Dabei transportiert die Inszenierung ihre Nachricht sehr deutlich, gibt aber (unabsichtlich?) auch fragwürdigen Gegenpositionen Raum. So argumentiert Martin Krumbholz auf nachtkritik.de, zu Recht, dass sich der negative Blick auf den brandstiftenden Hausierer durchaus als Metapher auf die Flüchtlinge verstehen ließe, die in den letzten Jahren zu uns geflohen sind. Auch bleibt der Monolog des Feuerwehr-Hauptmanns in Fahrenheit 451 unwidersprochen, als er das Entstehen der totalitären Gesellschaft auf die “absolute Rücksichtsnahme auf die Befindlichkeiten jeder noch so kleinen Minderheit” (sinngemäßes Zitat) zurückführt. Beide Eindrücke sind, wie ich das Schauspiel Dortmund kenne, sicherlich nicht intendiert, hinterlassen aber dennoch einen (sehr leichten) faden Beigeschmack, was die politische Positionierung angeht.

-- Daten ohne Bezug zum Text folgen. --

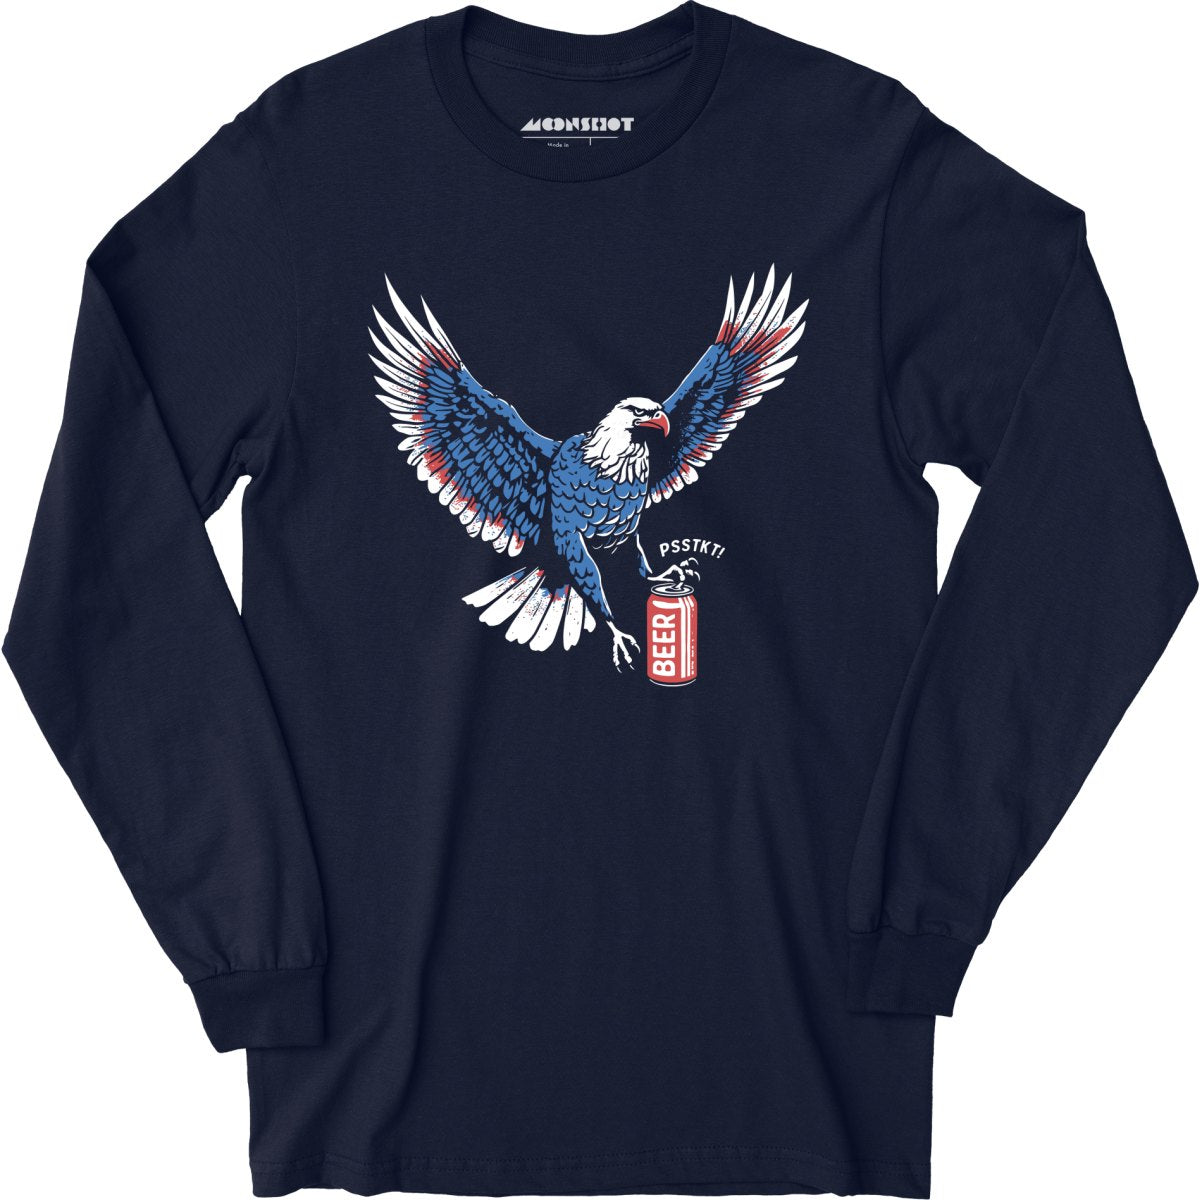 Psstkt Eagle - Long Sleeve T-Shirt

Was bleibt, ist ein eindrucksvoller Theaterabend voller Querbezüge und Nuancen, der lange nachhallt. Die Inszenierung balanciert gekonnt auf dem schmalen Grat zwischen “postmodernem Schockeffekt-Selbstzweck” und nachdenklicher Erzählung. In einigen Momenten scheint sie die Grenze fast zu überschreiten, bekommt dann aber doch wieder die Kurve. Auch wenn die Nachdenklichkeit ab und an vielleicht etwas im Effektgewitter untergeht, macht dieses den emotionalen Impact der Inszenierung doch eigentlich erst möglich.